EXERCISE DATA |
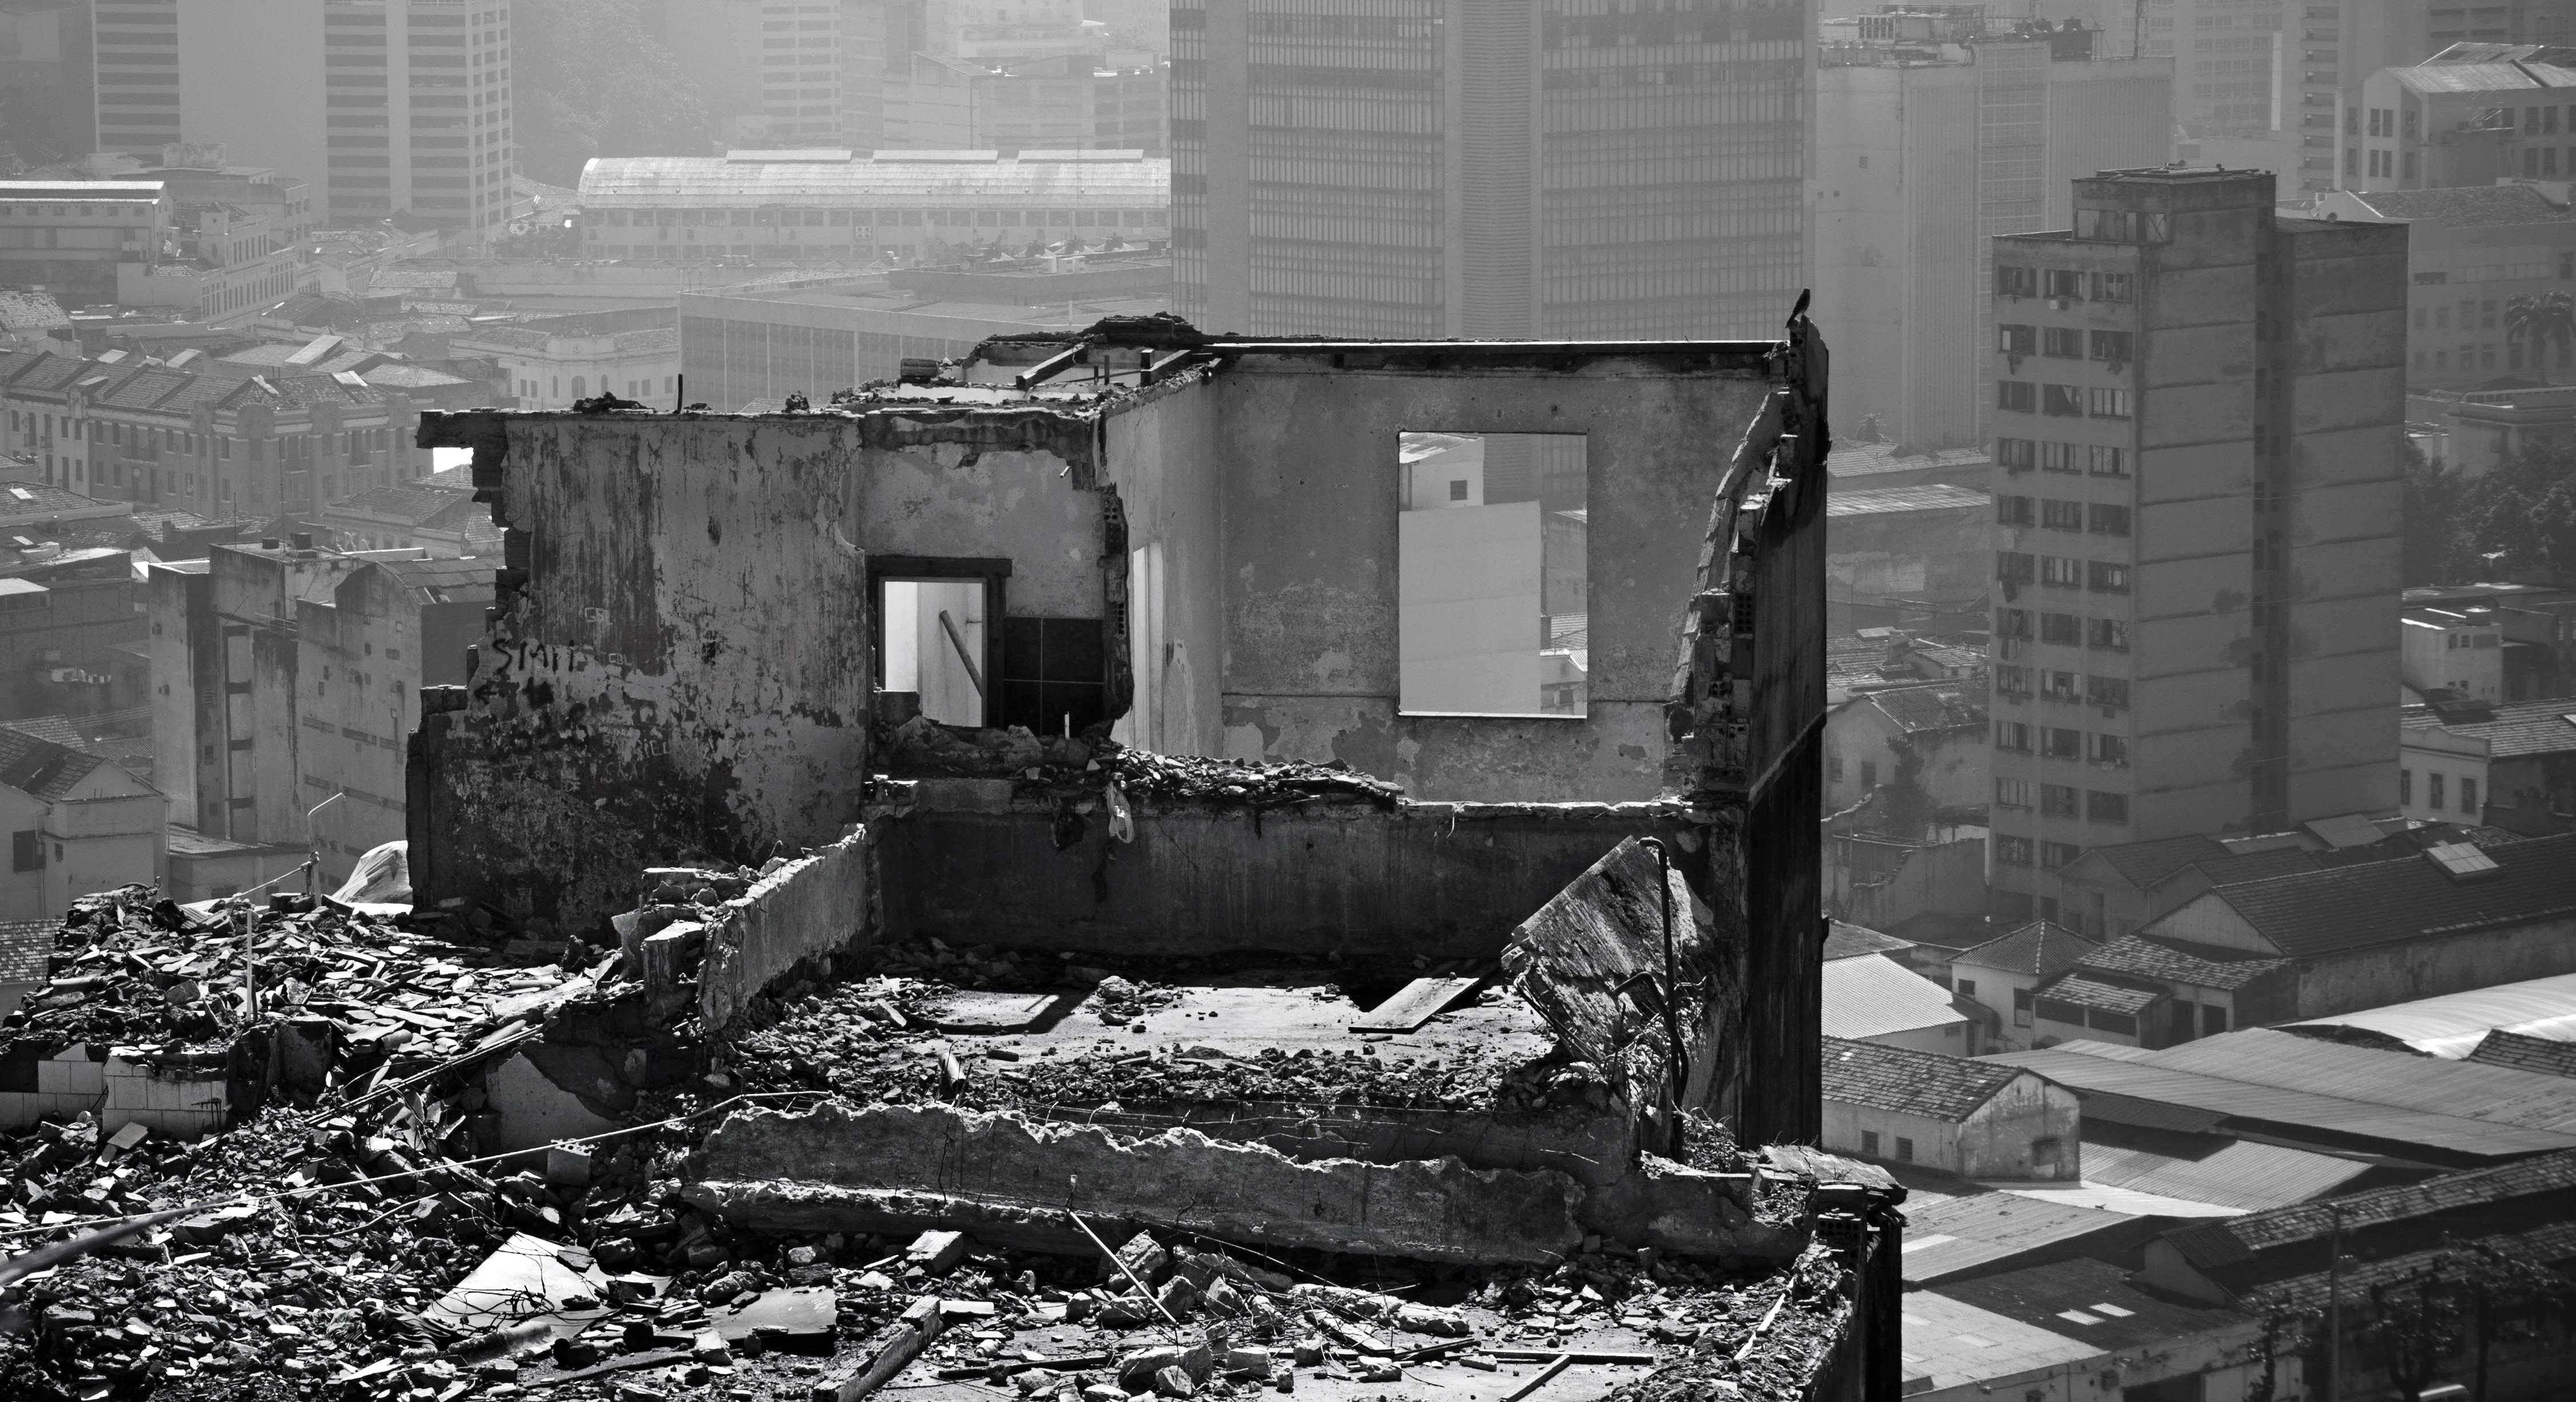 Städte ohne Identität, Räume der Utopie
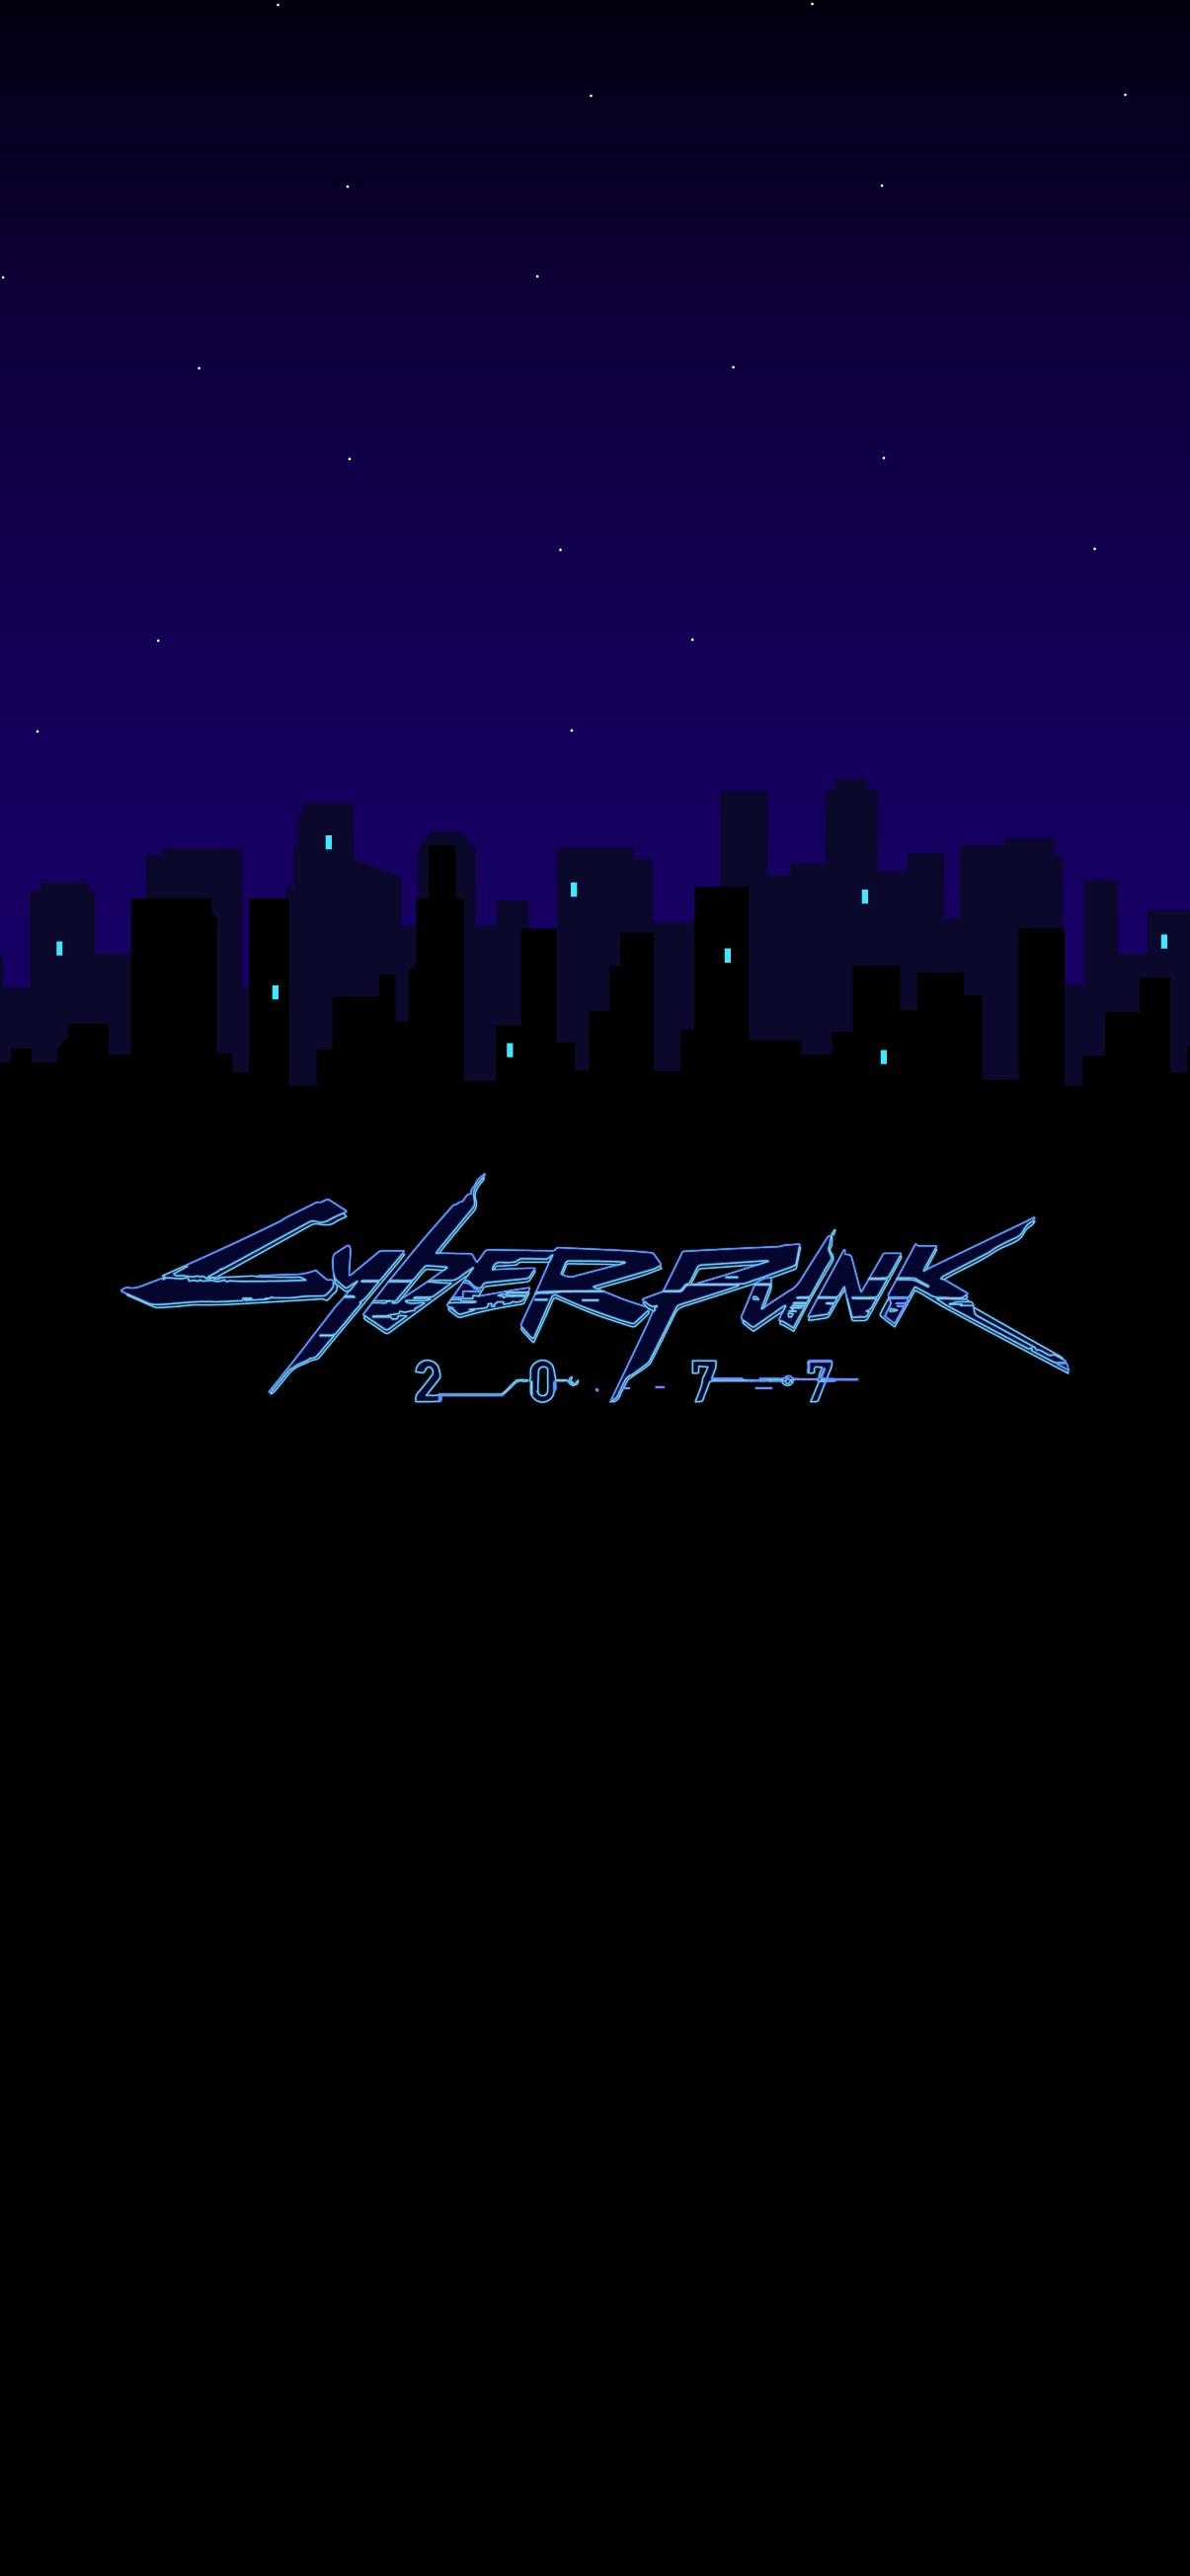 Cyberpunk 2077 Phone Wallpaper 4k Heroscreen Cool Wallpapers Phone Wallpaper Cyberpunk 2077 Cyberpunk
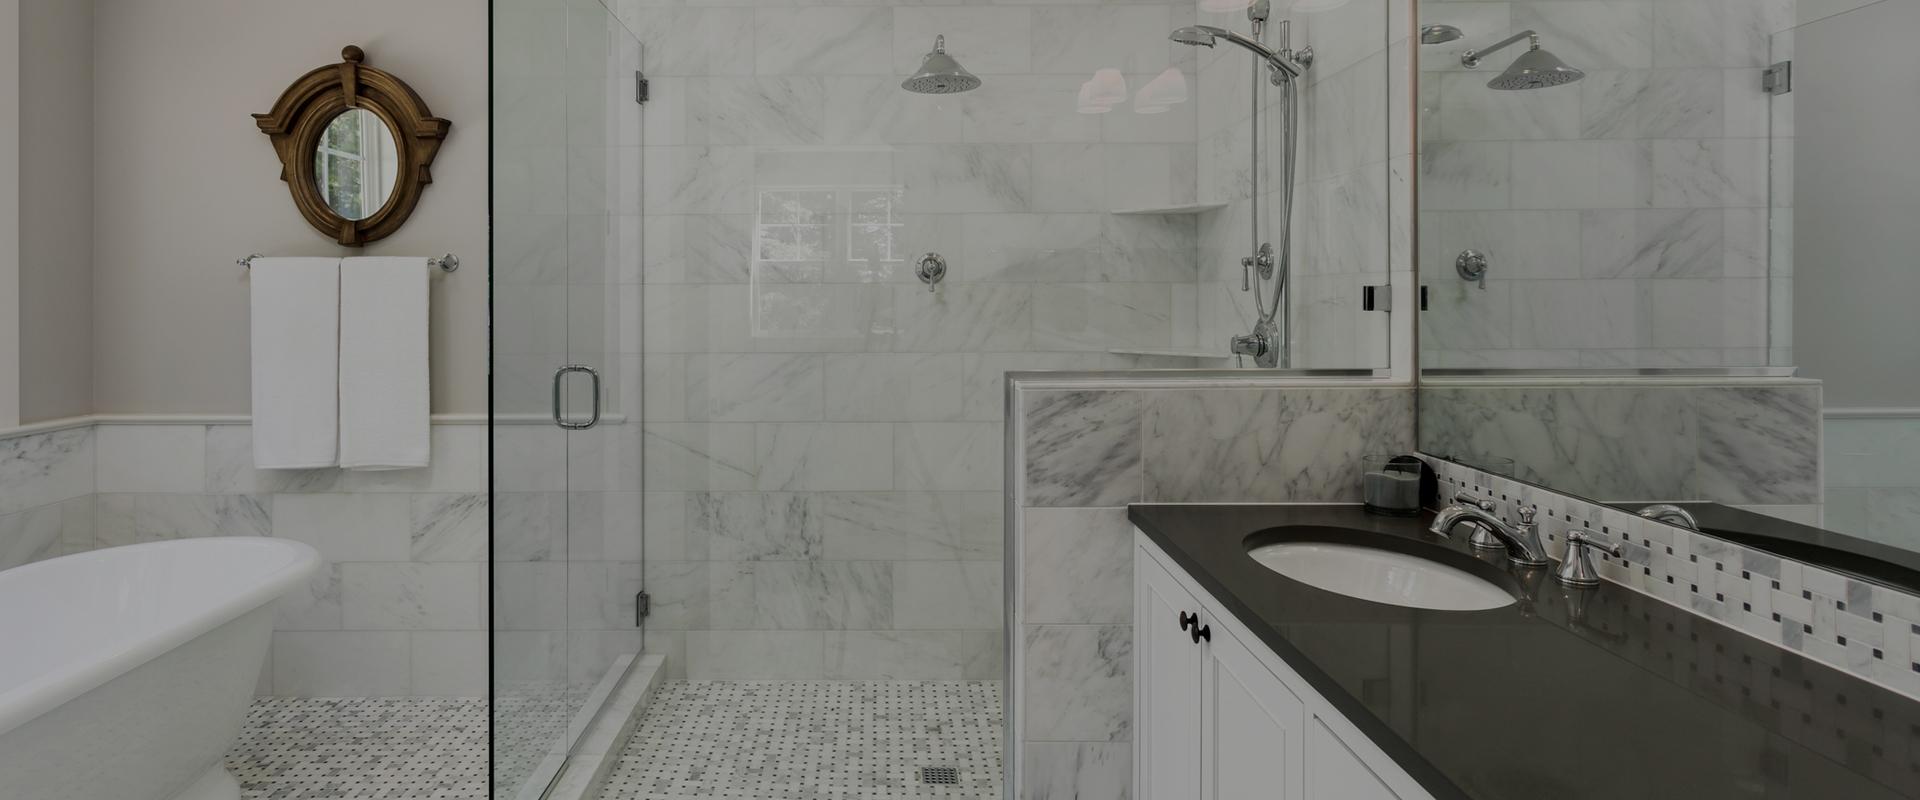 white tiled bathroom shower

EXERCISE AIM | Restate word for word only the lines that run from the line holding "Cyberpunk 2077 Phone" to the end of the data, both ends kept, leaving every picture out.

ANSWER TO THIS PROBLEM |
 Cyberpunk 2077 Phone Wallpaper 4k Heroscreen Cool Wallpapers Phone Wallpaper Cyberpunk 2077 Cyberpunk
 white tiled bathroom shower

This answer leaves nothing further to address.